Monday, February 2, 2015

Being the Wounded Healer


Within the last 5 months I've had many people ask me, "Bavly what exactly do you do at a Hospital and what is a Chaplain"? It is a loaded question and I don't think there is a direct answer. Depending on who asks I give an answer based on the person standing in front of me. But for everyone who does ask I always say, "I am a wounded healer providing spiritual care to those who are also wounded".

In my "profession" we must recognize that we are broken humans seeking to help others on their journey of healing which begins in suffering. Each person is different and each patient has a story. My starting point is diving into that story to see how the experiences of that person have shaped there understandings and realities around them. It's not easy talking to people and it's not easy when we have to deal with heavy things that come our way. Chaplains deal with a lot of human suffering and we must accept our suffering and the suffering of other humans as the starting point to wholeness and healing. In his classic work, "The Wounded Healer", Fr. Henri Nouwen says that we must make the individual realize that they are first and foremost a human being who is loved:

The Christian leader, minister or priest, is not one who reveals God to the people-who gives something to those who have nothing-but one who helps those who are searching to discover reality as the source of their existence. In this sense we can say that the Christian leader leads humans to confession, in the classic sense of the word: to the basic affirmation that humans are human and God is God, and that without God, humans cannot be called human. The Wounded Healer, Page 43.  

In finding our humanity in others we begin to see God in all. When an atheist asks me how do I understand death, or when a patient asks if dying because I am in pain is a sin, or when a patient is refusing medical care because they are DNR, I do not look just at the surface "issue", but I dig deeper and ask why are you afraid of death? Why do you think it's a sin? And why did you choose to have a DNR? Being a Chaplain can take on many roles and we have to embrace that as we offer spiritual care. Sometimes we do not have to talk at all, other times we are a 3rd party providing help to the extended family and sometimes we are the only ones at the bedside of a patient because they have no family and no one to be with them. What matters the most, and this is echoing the thoughts of Fr. Henri Nouwen, no matter what happens there is someone out there who loves you not because of who you are and what you accomplished but because you are a human being created in the image and likeness of your creator! 

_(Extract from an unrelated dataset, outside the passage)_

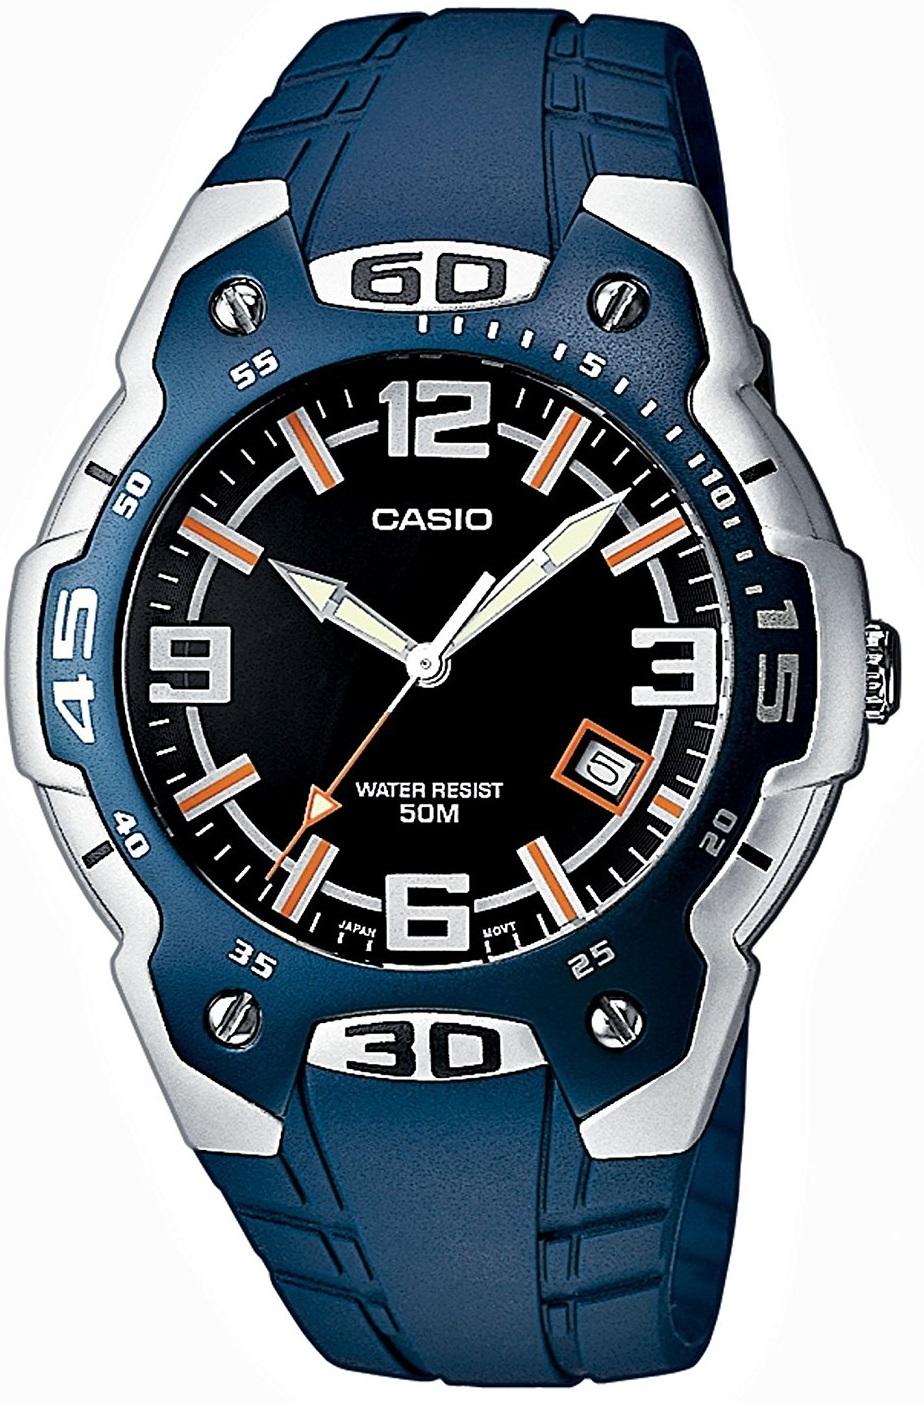 Мужские часы Casio Standard MTR-102-1A2VEF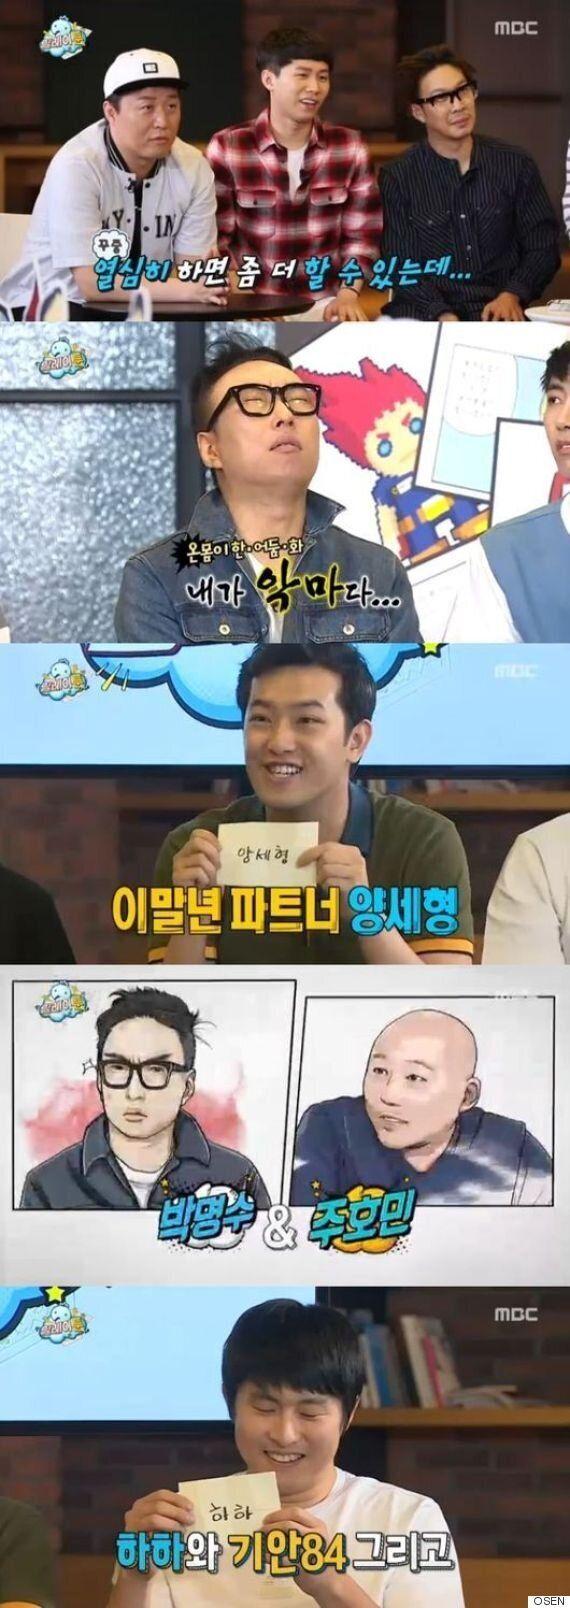 '무도' 윤태호X광희, 유재석X무적핑크 짝꿍 짓기

"So what do I do at the hospital"? I still do not know how to answer such a question. However, my starting point rests in seeing the human being who is love and wants to be loved. If the message of the gospel is not about love we have forgotten how to be a human being. We have forgotten how to see our brothers and sisters as human beings. If the person in front of us becomes nothing more than a "person I must physically cure of his or her sickness" then our system has collapsed and we have forgotten how to look at each other as a human being. Being in that room and in the presence of the human is what I do at the hospital! Being a wounded human being approaching the bedside is my starting point. Shaping my beliefs on seeing the human being first is what I am slowly starting to understand being a chaplain in the hospital.